Общежитие нестрогого режима
Исправительный центр №1 ГУ ФСИН по Московской области находится на территории городского округа Кашира. Двухэтажное зеленоватое здание, окруженное невысоким забором, расположено совсем рядом с частными домами и небольшим лесом. Можно подумать, что это поселковая школа.
«Местные жители первое время переживали: "Ой, зэки, страшно",— вспоминает начальник центра подполковник ФСИН Владимир Киров.— А я им объяснял: "Выгляньте в окошко. Видите, свободный человек идет? Вы знаете, что это за человек? Не знаете. Может, это рецидивист с десятью судимостями. А эти люди хотя бы под надзором находятся. Они хоть чего-то боятся"».
Зеленое здание делится на административную часть и зону проживания осужденных. На входе в нее стоят решетки, но они даже не используются, уверяет господин Киров: «Они ставились, когда центр только начал свою работу. Позже оказалось, что они просто не нужны, так что никто их не закрывает».
Принудительные работы — более гуманная альтернатива заключению. Предполагается, что осужденный живет не в колонии, а в исправительном центре и параллельно работает там, где ему укажут. В российском законодательстве такой вид наказания появился еще в 2011 году, однако применять его начали только в 2017-м.
Сейчас принудительные работы могут быть назначены за преступления небольшой или средней тяжести, а также за совершенное впервые тяжкое преступление. Кроме того, суд имеет право использовать их в качестве смягчения наказания для заключенных в колониях.
За решетками — длинный коридор. Слева мужской блок, справа — женский.
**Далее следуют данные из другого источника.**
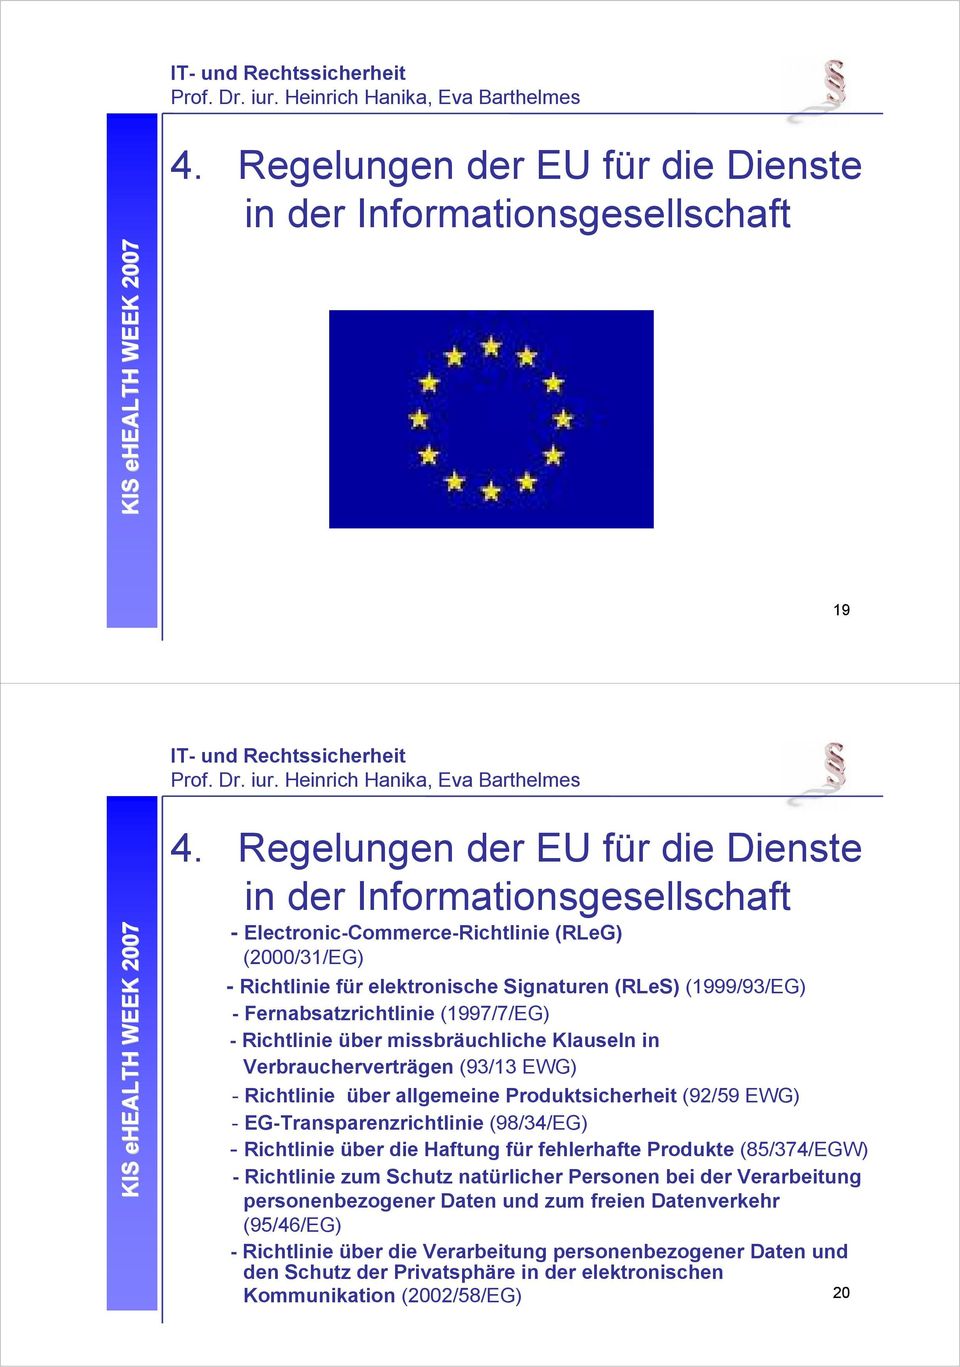 Fernabsatzrichtlinie (1997/7/EG) - Richtlinie über missbräuchliche Klauseln in Verbraucherverträgen (93/13 EWG) - Richtlinie über allgemeine Produktsicherheit (92/59 EWG) - EG-Transparenzrichtlinie

Заходим в первую мужскую комнату. Она рассчитана на 20 человек: здесь стоят 10 двухъярусных металлических кроватей. Рядом тумбочки, стулья и прикроватные коврики, вдоль стены — шкафчики, где каждый осужденный может хранить до 50 кг личных вещей.
Вторая комната еще больше, она похожа на казарму. Здесь тщательно убирались — везде очень чисто. Окна распахнуты, в комнате пахнет лесом. Кстати, на окнах нет решеток.
На кроватях лежат несколько осужденных — одни спят после ночной смены, другие уткнулись в телефоны. Увидев гостей, мужчины здороваются — тихо, чтобы не разбудить соседей. «Им разрешено иметь смартфоны, планшеты и ноутбуки, интернет тоже разрешен. То есть осужденные могут общаться по видеосвязи, играть и даже учиться»,— объясняет Владимир Киров.
Принудительный уют
Женские комнаты намного меньше: одни рассчитаны на четырех человек, другие — на восемь-десять. Похожи не на тюремную камеру, а на палату санатория. «У девчонок все по-другому, как и в обычной жизни. Видите, уже и цветочки, и игрушки»,— показывает подполковник на большого плюшевого медведя. Кровати здесь одноэтажные и деревянные, они накрыты домашними пледами. На нескольких тумбочках стоят фотографии.
«Мы стараемся поддерживать уют,— говорит женщина с ярким макияжем и накладными ресницами.— Девочки хорошие, проблем с ними не возникает. Прихожу с работы, отдыхаю». С осужденными мужчинами конфликтов тоже нет, «никто ни к кому не пристает», уверяет она. «Понимаете, у них на это даже времени нет: одни уходят на работу, другие приходят. Никаких подобных инцидентов не было»,— кивает Владимир Киров.
Дальше по коридору — женские туалеты и душевые, там же стоят относительно новые стиральные машины. В мужском блоке похожая санитарная зона, только побольше.
Есть и общие для мужчин и женщин помещения, например комната воспитательной работы.
Там проходят встречи не только с сотрудниками ФСИН, но и со священником. «Батюшка приходит сюда раз в месяц, иногда чаще. Лекции читает, беседует»,— рассказывает подполковник. И неожиданно произносит: «Они свободные люди, у них есть выходные — и многие сами ходят в храм».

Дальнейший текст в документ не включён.